Is there a way to go inside a structure and work on it from inside?

Elevator Boarding at an angle 2.skp (1.1 MB)
I need to go inside this elevator to finish it, adding a control panel and railings on the curved sides, maybe shelves and people too?
It’ll show when I do an X-ray view for presentation purposes, and that is great, but X-ray doesn’t let me actually go and add stuff. If I remove a component I’ll have to put it back again, which could be troublesome. Similarly, deleting a component and undoing that will undo my changes as well.
What to do?
(oops, .sku is upside down, but the same principle applies)

You could try hiding a face on the elevator, which would give you access inside. When you’ve finished, unhide the face.
Hope this helps.
dh

use a Section Plane…

john

Set up a wide viewing angle

normally easiest technique is to set up your layers so you can hide obstructions by turning them on/off quickly

For our projects

We divide each floor into a group or component and place on its own layer [L01, L02,L03 etc]

and then for each floor we have these main construction layers :-

wall-intr [includes doors] we can turn off when exporting for external renders
wall-extr [includes doors, windows]
ceil- ceiling planes
strc-beam - beams under floor above [helps understanding wall positions and cutouts]
strc-slab
strc-cols

That covers most internal visibility issues and allow us to just isolate structural, external or full model details.

finally you have the view back edges or xray options which allow you to snap to concealed objects

A quick visual of how to use a section plane.

Elevator Boarding at an angle 2.skp (1.3 MB)
See slightly revised .skp model.

I’m not sure I understand. Does this let me actually work inside or does it just provide a way to section out a portion of the model for viewing?

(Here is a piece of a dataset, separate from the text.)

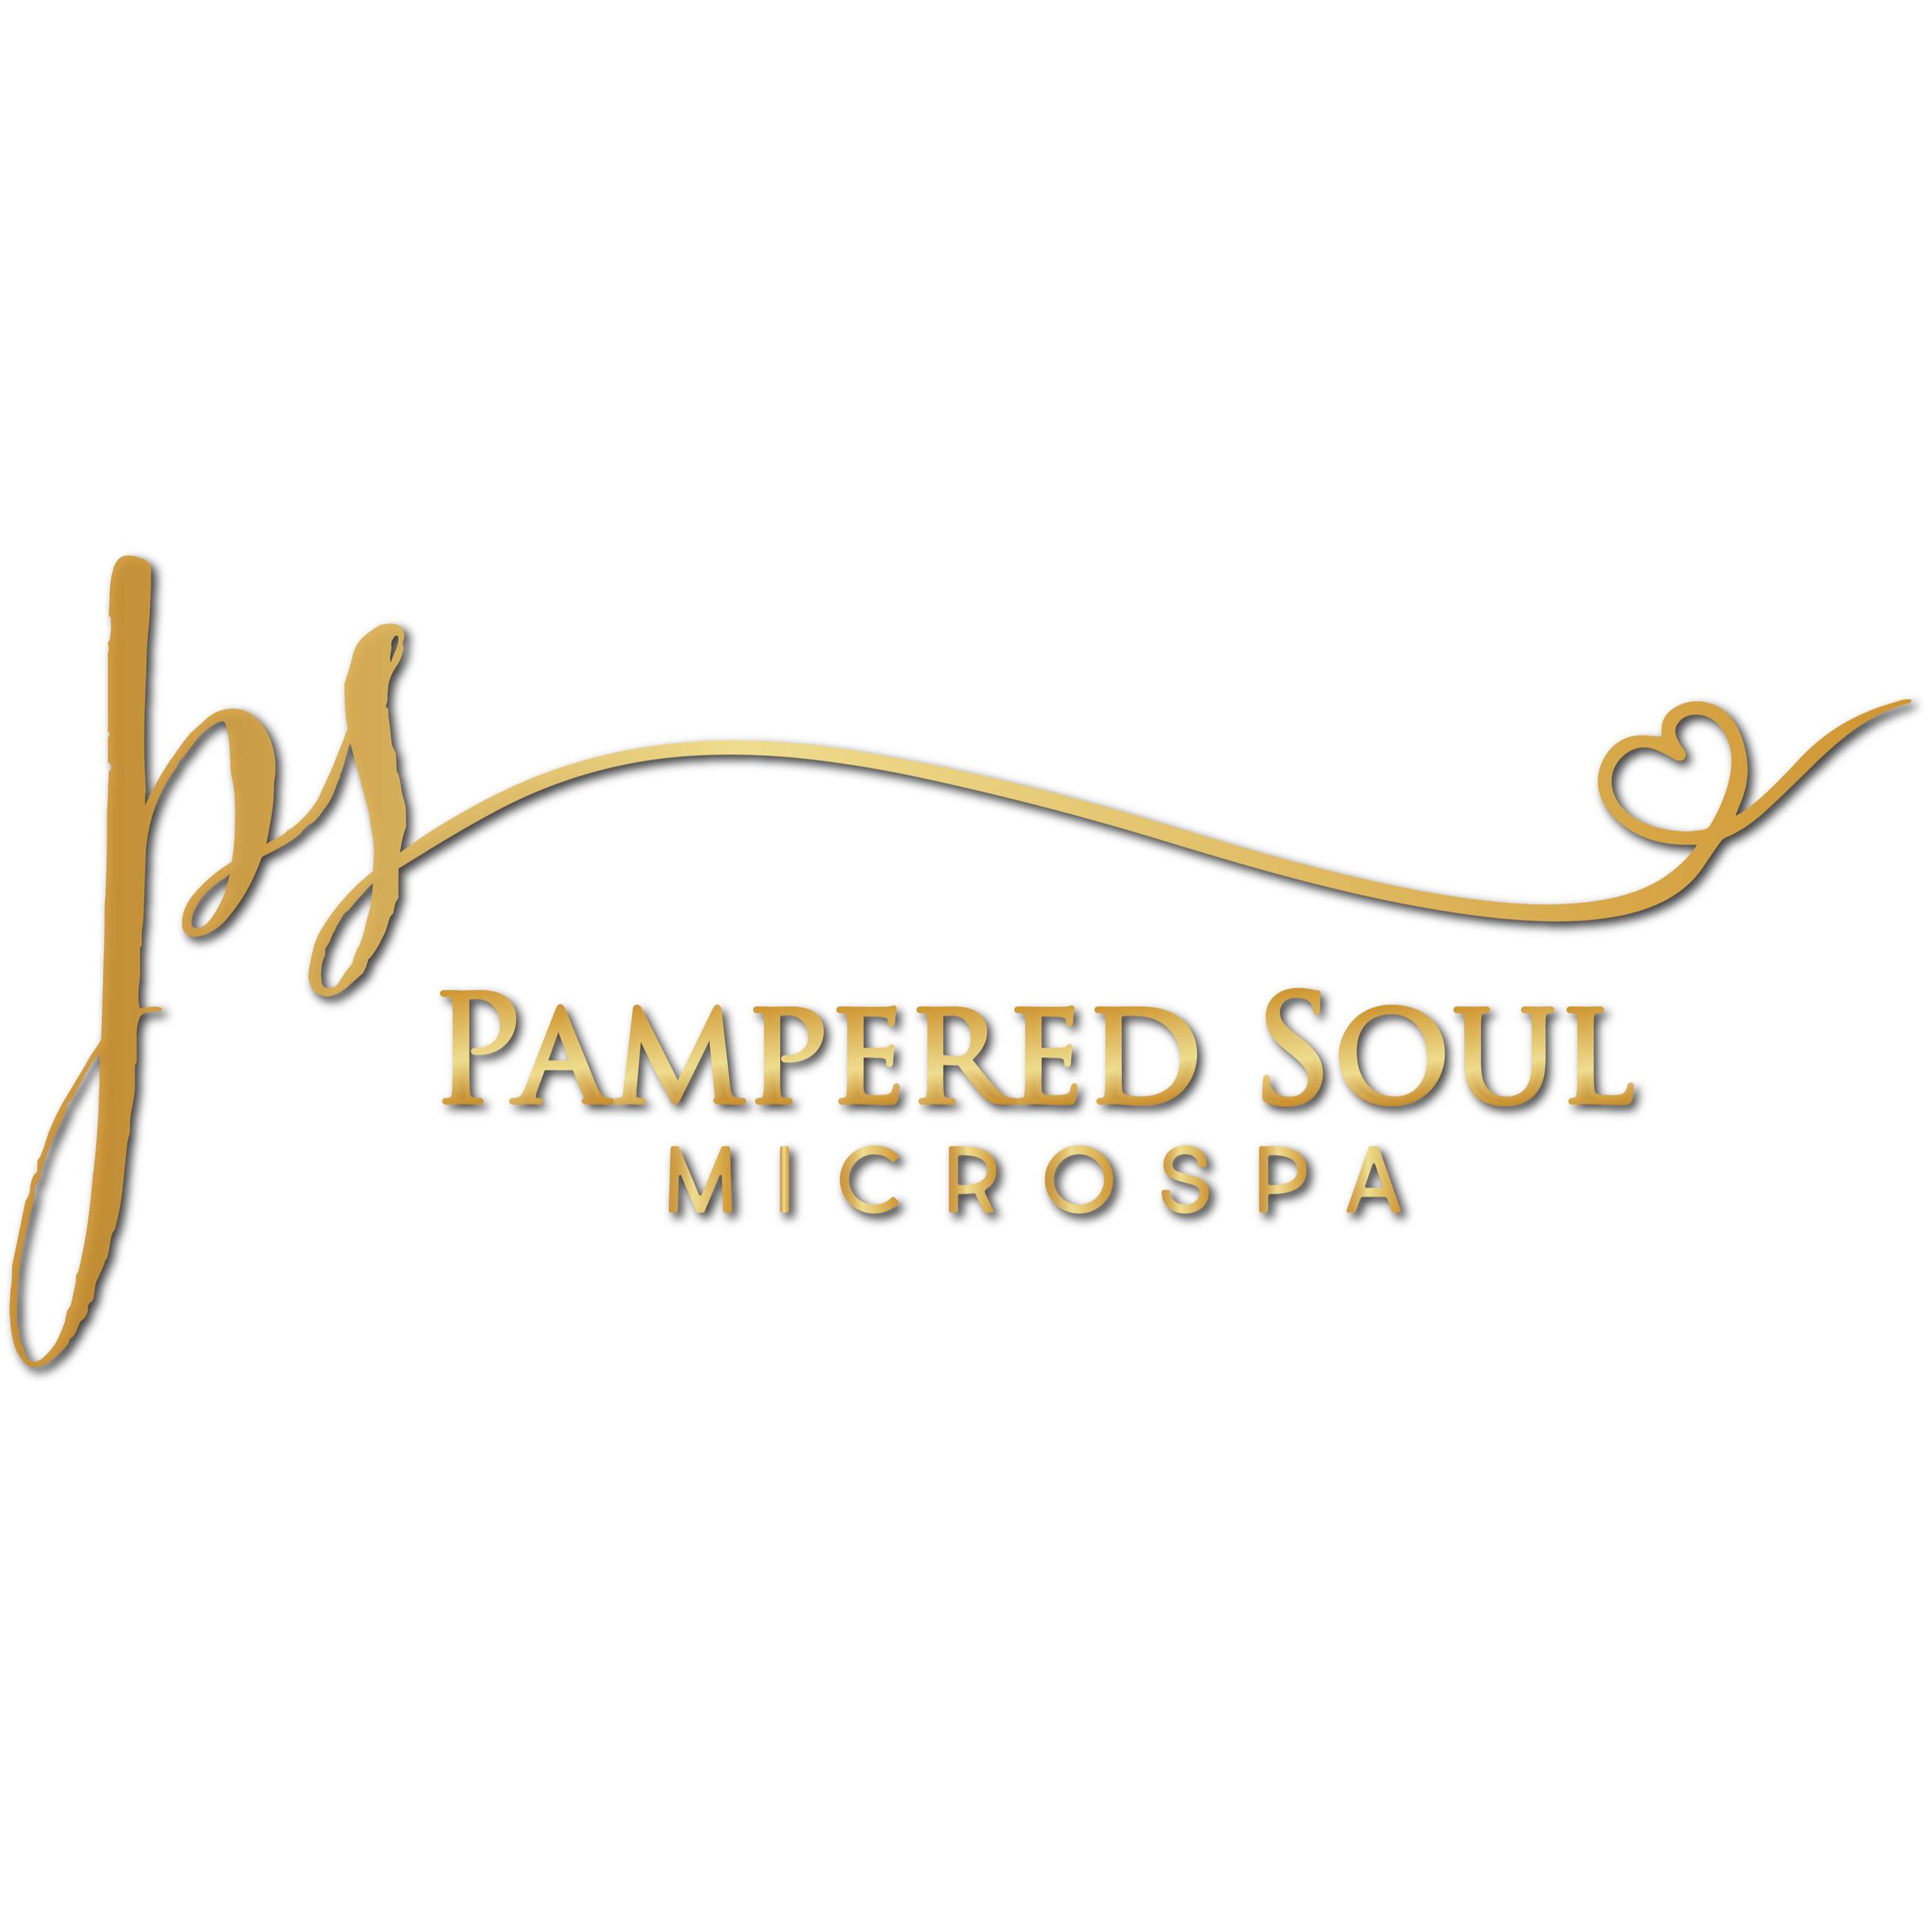 Pampered Soul Microspa - Northville, MI 48167 - (248)794-2372 | ShowMeLocal.com

Also, apparently, hiding the back, for example, still does not let me work inside. It seems any operation I do still effects the “hidden” back panel. I basically need to temporarily remove the back wall, do my work inside the elevator, and then replace the wall without worrying about repositioning it correctly. Hmm… I suppose the only way is to carefully pull the wall away, which I’ve now made into its own component, along a single axis, do my work, and then slide it back into place, perhaps using precise measurements to make a uniform move out and in?
Oh…just tried that and all it did was stretch the back plane into a new cylinder so I can’t get around it to work inside. Very frustrating!

why don’t you just put the wall thats obstructing the view in a layer, set up a scene and save it with that layer turned off?

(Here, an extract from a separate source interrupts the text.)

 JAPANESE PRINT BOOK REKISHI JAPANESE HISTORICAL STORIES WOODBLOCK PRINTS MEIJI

Hello there is a way of using the Dave Component Method, by using the components built in features. What you apply to one in edit mode is reflected to all instances of it in the model.
Make it a component and do a move copy, slide it in to free space.
Cut it to the clip board and then close the other instance’s.
Select paste in place and it is now “un-nested” and can be modified.
What ever you do to it will update to the original automatically and it / or any other item never has to change position or anything.
You can scale it up or down and when you are done with it close it from edit mode and delete it.
All the changes stay with the original, snug as a bug where it was all along. If there are any instances that you don’t want modified. Highlight them all/each and with a right click select Make Unique, this will isolate them…Peace…

Hi Scott,

As you build a model, make each logical portion of the object a Component.
That way, you’ll find viewing and modifying the model much easier.
See this video tutorial to learn about controlling visibility while editing Groups and Components.

Perhaps these video tutorials by Aidan Chopra will also help…





Thanks for this. I’m just getting to it now, but it will be a big help in the project going forward.